12.7.2 Mobile Multi Agent System
A second motivation for doing this work was the problem of concurrency
management in mobile multi agent systems. Because communication happens
in a peer to peer manner between agents, we now discusses how our
solution relates to the problems of peer to peer systems. First, we
discuss how our adaptor preserves the required behavior if no central
locking server is used. Second, if a central locking server is used
to coordinate the behavior of a group then we see how our approach
fails to offer a solution.
In this section we illustrate how our adaptor correctly mediates concurrency
problems in a peer to peer application that makes no use of a central
coordination server.
Figure 12.2:
Peer to peer communication between
agents in a mobile multi agent system. The arrows indicate which agents
require behavior from another agent. The left figure is the normal
interconnection without inserting adaptors. The right figure is the
same interconnection but with adaptors inserted at the server ports/interfaces.
|
In a mobile multi agent system there is at first sight not really
a difference between client-components and server-components. However,
if we look at the behavior they require or provide (or in other words,
which agents implement a certain functionality), then we can actually
make the difference between a client component and a server component.
A client agent will expect a certain functionality from another agent,
while a server agent will provide a certain functionality.
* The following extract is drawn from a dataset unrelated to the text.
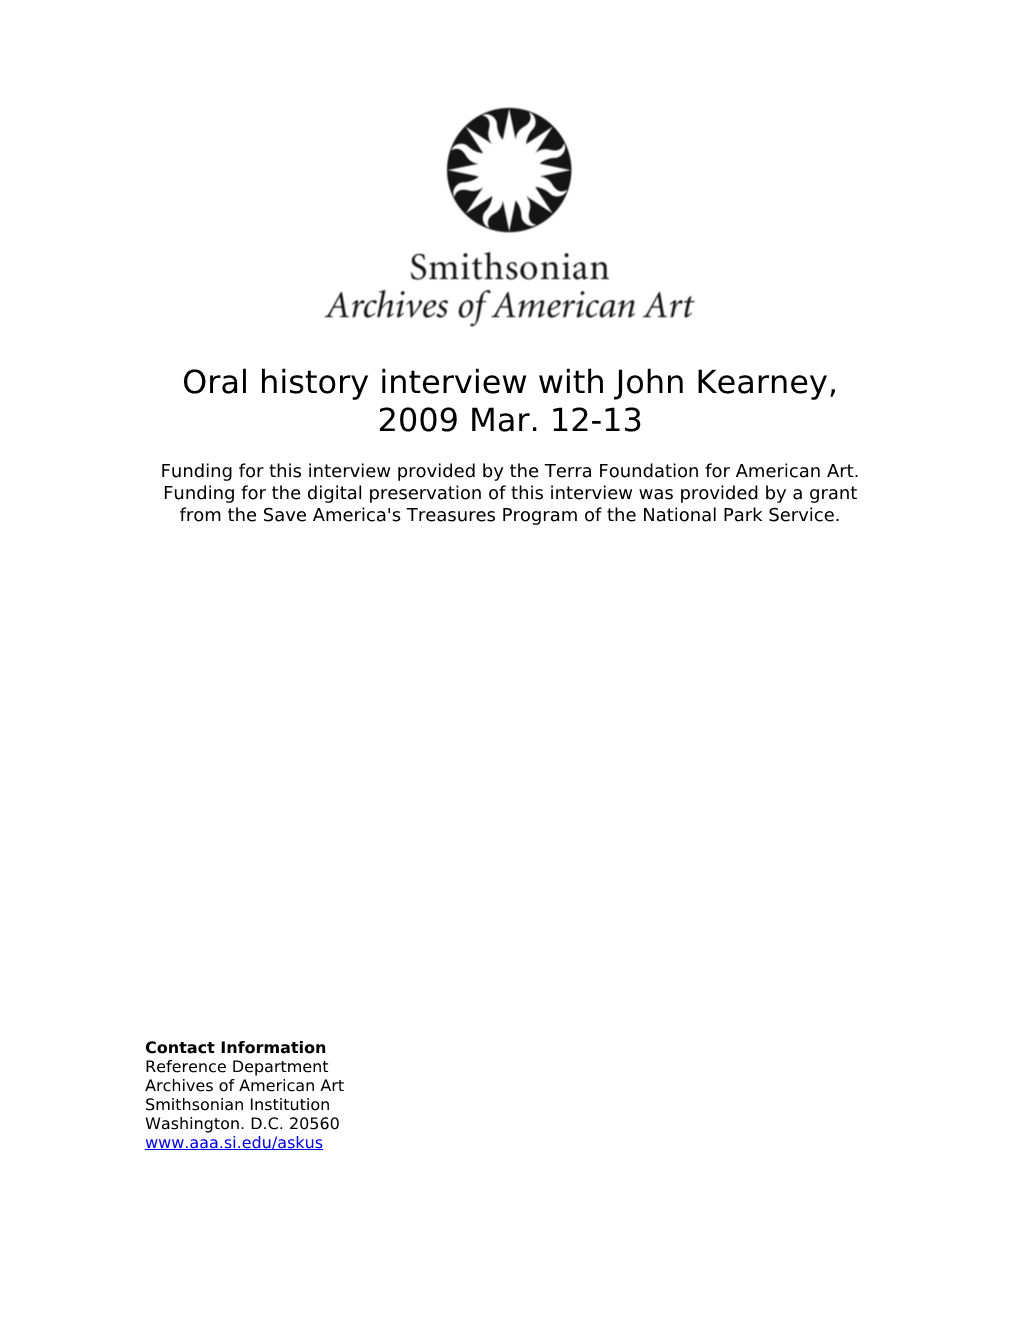 Oral History Interview with John Kearney, 2009 Mar. 12-13
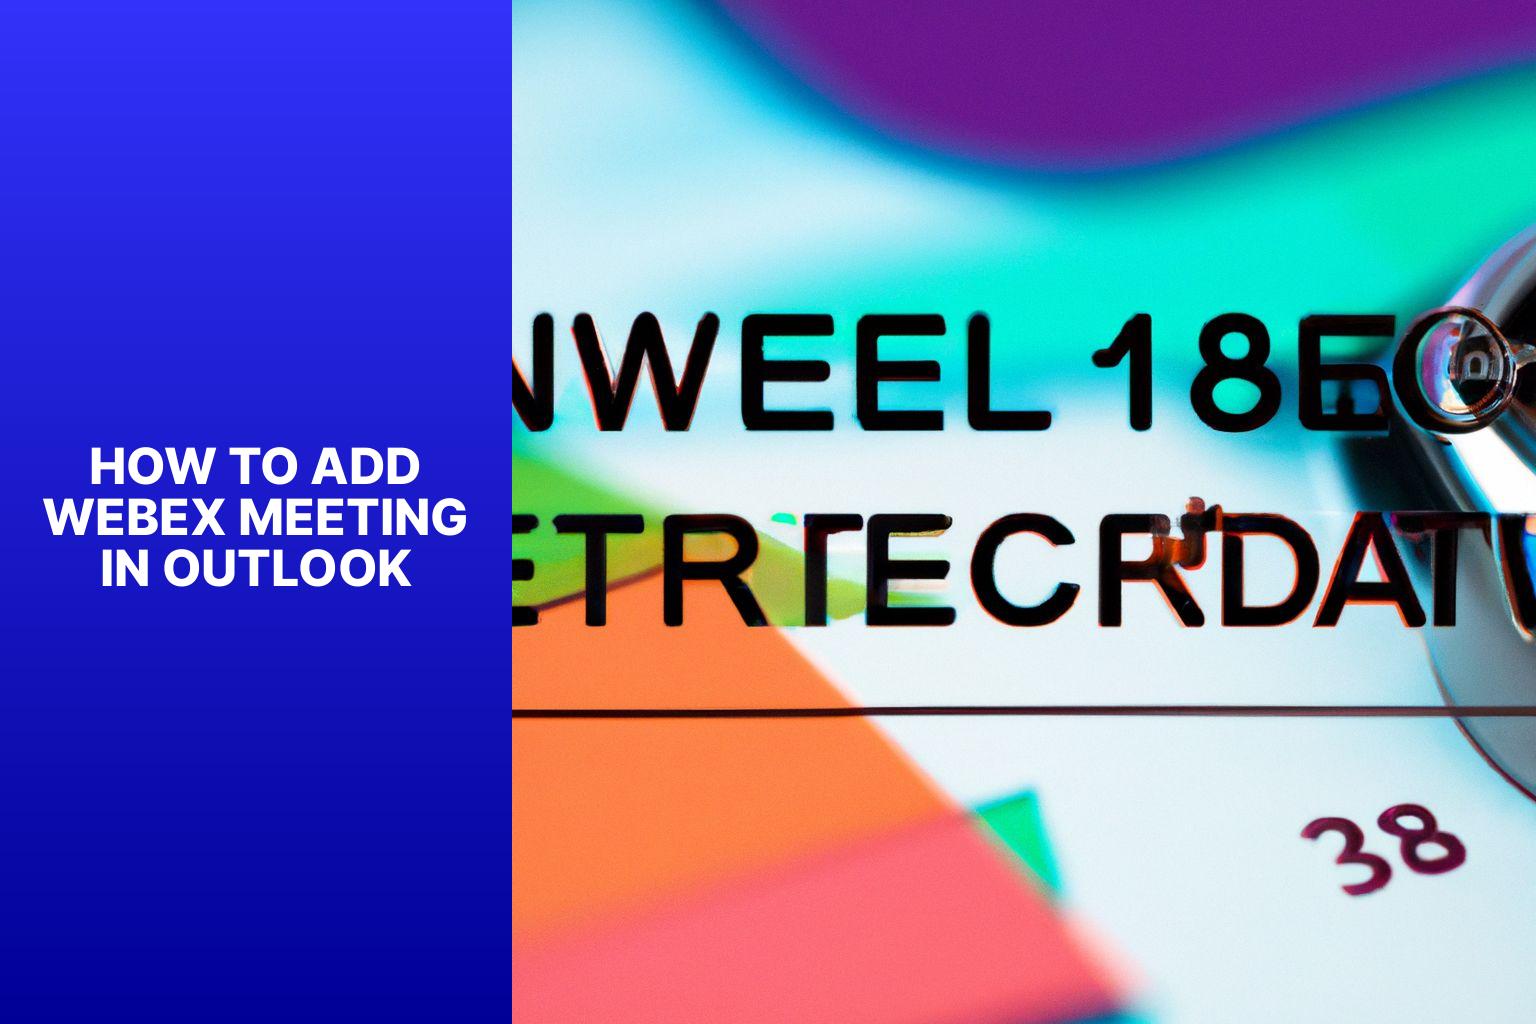 Step-by-Step Guide: How to Add Webex Meeting in Outlook

However,
contrary to a typical client-server setting, in this situation every
agent can be a server as well as a client. To easily support such
a model we will assume that the server behavior of such an agent is
offered on one port, while the client behavior is offered on another
port. This allows us to introduce adaptors on every agent (peer) that
offers a service. The resulting interconnections are pictured in figure
12.2.
Figure 12.3:
Deadlock over the different adaptors in
a peer to peer situation.
|
Because every agent can be a client as well as a server, it becomes
difficult to identify a 'session'. In the typical client-server architecture,
the client manages a session and tries to get things done on the server.
Within a peer to peer system, sessions hop from one agent to another
and cannot be localized anymore in one agent. This might lead to deadlocks
between communicating peers, without the possibility for the adaptors
to do something about it. This is illustrated in figure 12.3.
The adaptors cannot resolve such a deadlock because they are part
of the waiting loop. However, this problem has little to do with the
ability of the adaptor to 'mediate' the conflicting behavior. In fact,
if the application is programmed in such a way that it relies on concurrency
strategies that lead to unwanted behavior then this unwanted behavior
will also occur with adaptors, otherwise it will not.
In a peer to peer application there can also situations where our
adaptor fails to work. The example we present to illustrate this uses
a central locking server that is used by all components to identify
sessions and control access to the application's resources.
Figure 12.4:
Distributed Transaction server.
|
In peer to peer systems it is often necessary to bring multiple peers
from one consistent state to another consistent state. This however
requires from every peer the ability to obtain a number of locks,
distributed over different peers. Once all the locks are held the
session can apply the changes on the involved resources and unlock
them again. Often this is done by passing session id's from one peer
to another such that receiving peers can verify whether the resources
they hold can be accessed by the incoming session. However, the session
id's themselves are often provided by other components than the receiving
peer itself. For instance, consider a transaction server such as pictured
in figure 12.4. The transaction server
will be used by any peer that needs a transaction id (this will be
our session id). This transaction id will then be passed from peer
to peer (without going through the transaction component).
In this setup, multiple concurrency strategies can be present. First
there are the concurrency strategies offered by one peer towards another
peer, secondly there are the concurrency strategies offered from one
peer toward the transaction server and thirdly there is the concurrency
strategy offered from the transaction server toward the peers. We
will assume that we have mediated the conflicts by placing at every
server interface a concurrency adaptor. This might lead to problems:
- Our adaptor requires the availability of a compatible functional behavior.
This poses a problem because the only functionality our central transaction
component offers is about synchronization. If the transaction component
is hardwired with respect to the resources then we can use the common
set of resources to be the functional link between them. However,
if the transaction component uses first class resources: i.e.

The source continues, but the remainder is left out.